So apparently I told him I was off to go "whore skipping" and I disappeared into the night skipping down the street. I know this because there's video.
I have a pussy blister if you wanna poke at it with a needle tomorrow...by this text i realize just how strange our relationship is, especially because you're probably excited
I think you mean your blister is filled with pus...atleast i hope
You have problems? I'm 20 years old and i'm balding
Woke up with my foot jammed into a VCR
Ummm I just broke my no puke streak at church
Yeah got a self inflicted broken nose.
Are we sharing a room, or can I pack my vibrator?
Yes to both. We'll use the workout rotation from dorm life.
What happened after I vommed in your shirt that I was wearing and threw it out the window on the highway?
I just sent my ex off to a party, threw a condom at him, and told him to make good choices.
It's getting harder and harder to fake orgasms as I get older.

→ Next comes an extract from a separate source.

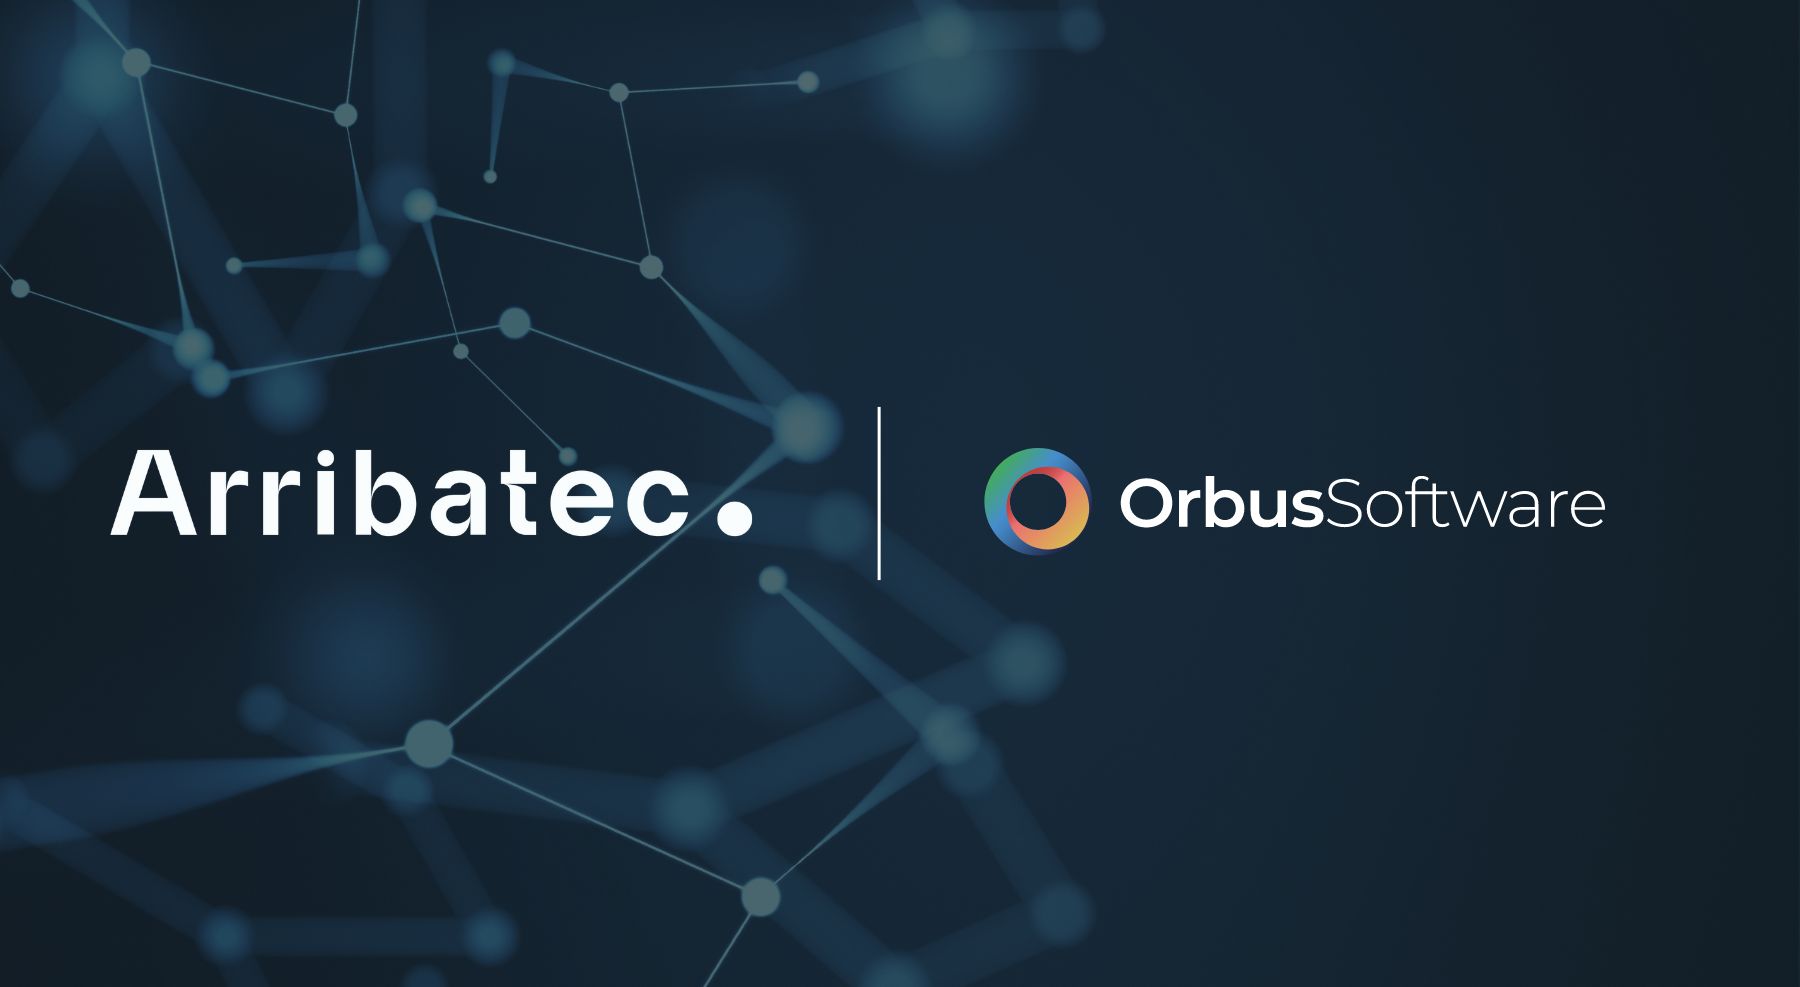 Orbus Software and Arribatec partner to accelerate sustainable transformation initiatives for global organisations
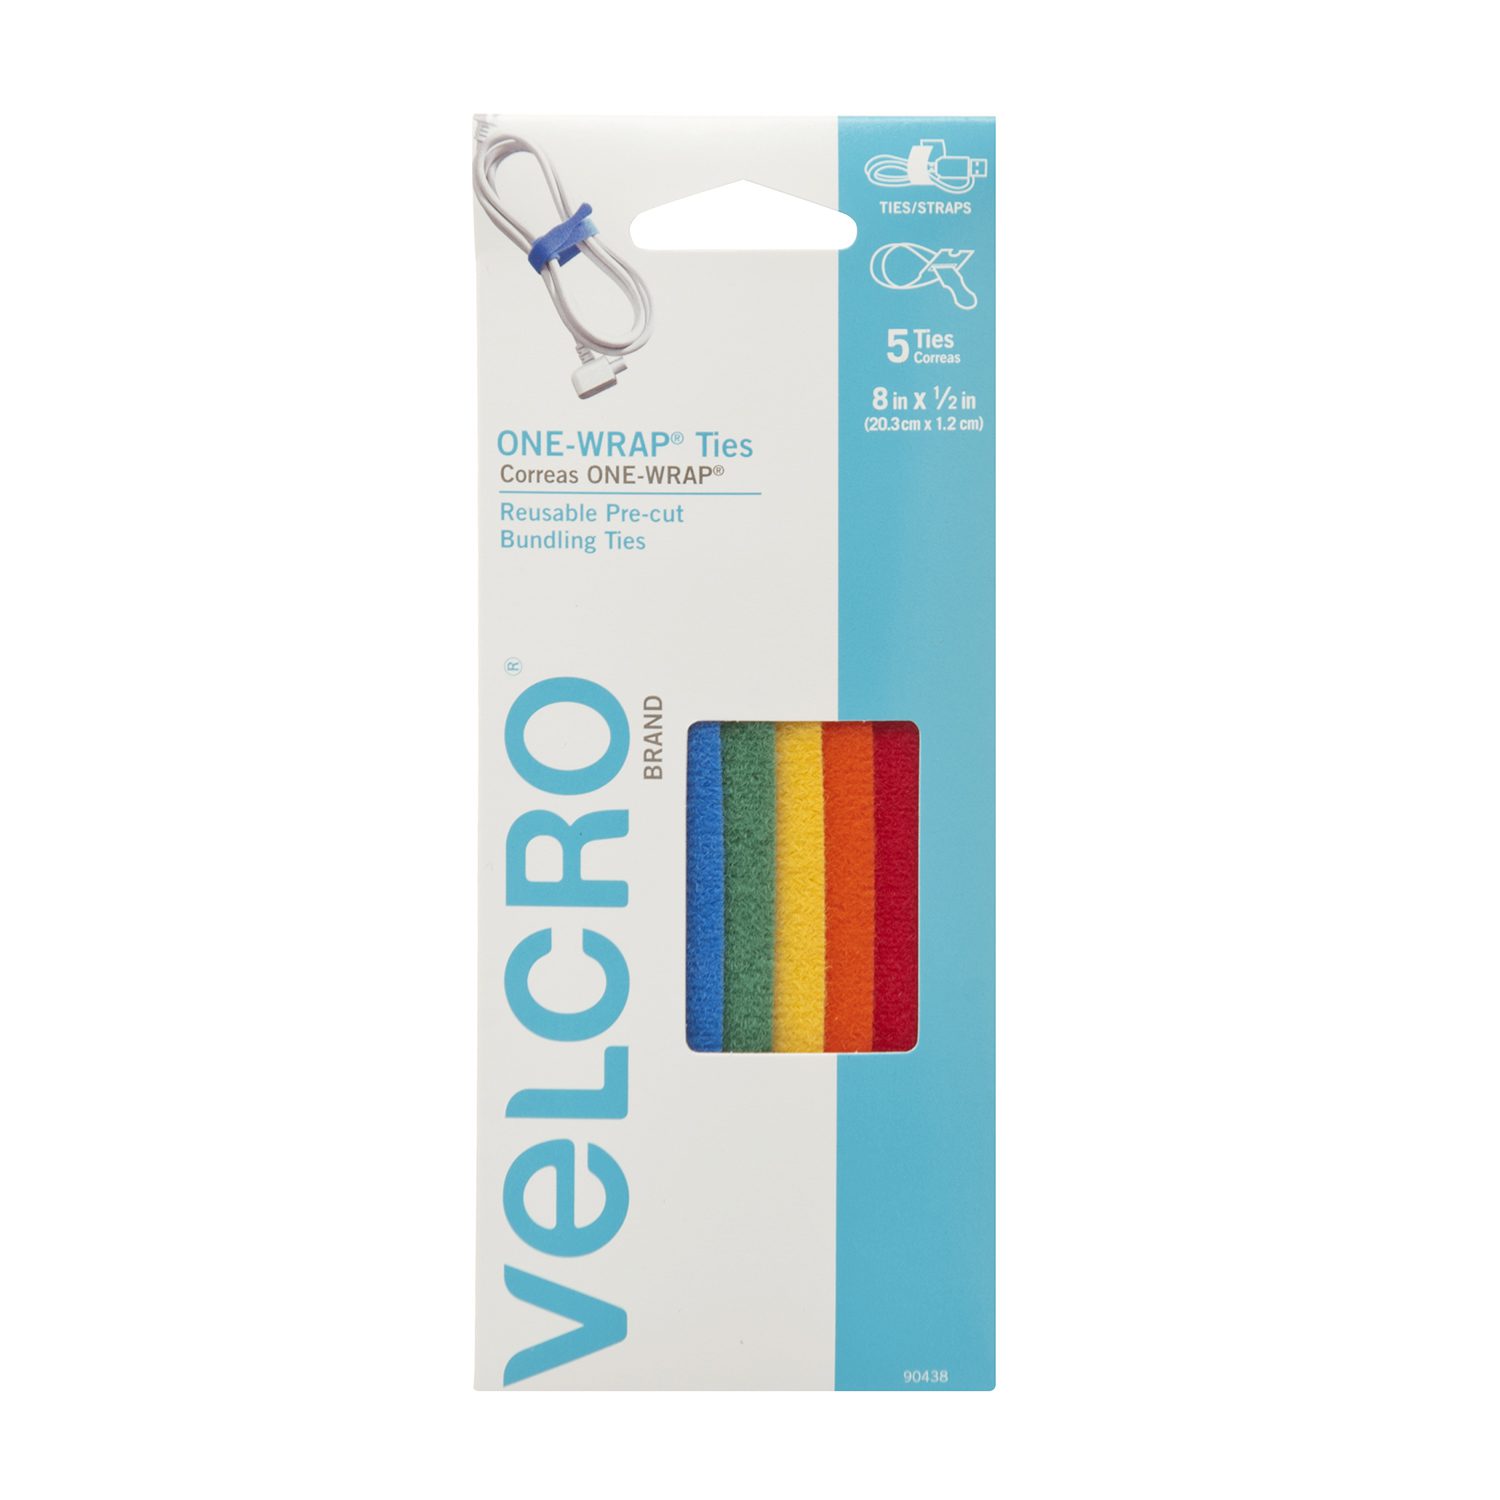 Heavy Duty VELCRO Brand Wires & Cords 60 Ct ONE-WRAP for Cables 8 x 1/2 Ties Reusable - Multi-Color

Well she made a 15 year old cry, the grandmother did an ice luge and I woke up to the sound of sex moans
Thanksgiving day drinking ended up with me in a shopping cart screaming where are the bitches and condoms. I'd say it went well.
You had to dry your pants with the hand dryer in the bathroom because you "forgot to take it out."
Hey, you know that marble art statue thing in your bedroom? Hypothetically what would happen if a penis got stuck in it?
Ate 5 hotdogs today. You need to get me back on my tequila diet cause this shit has to stop!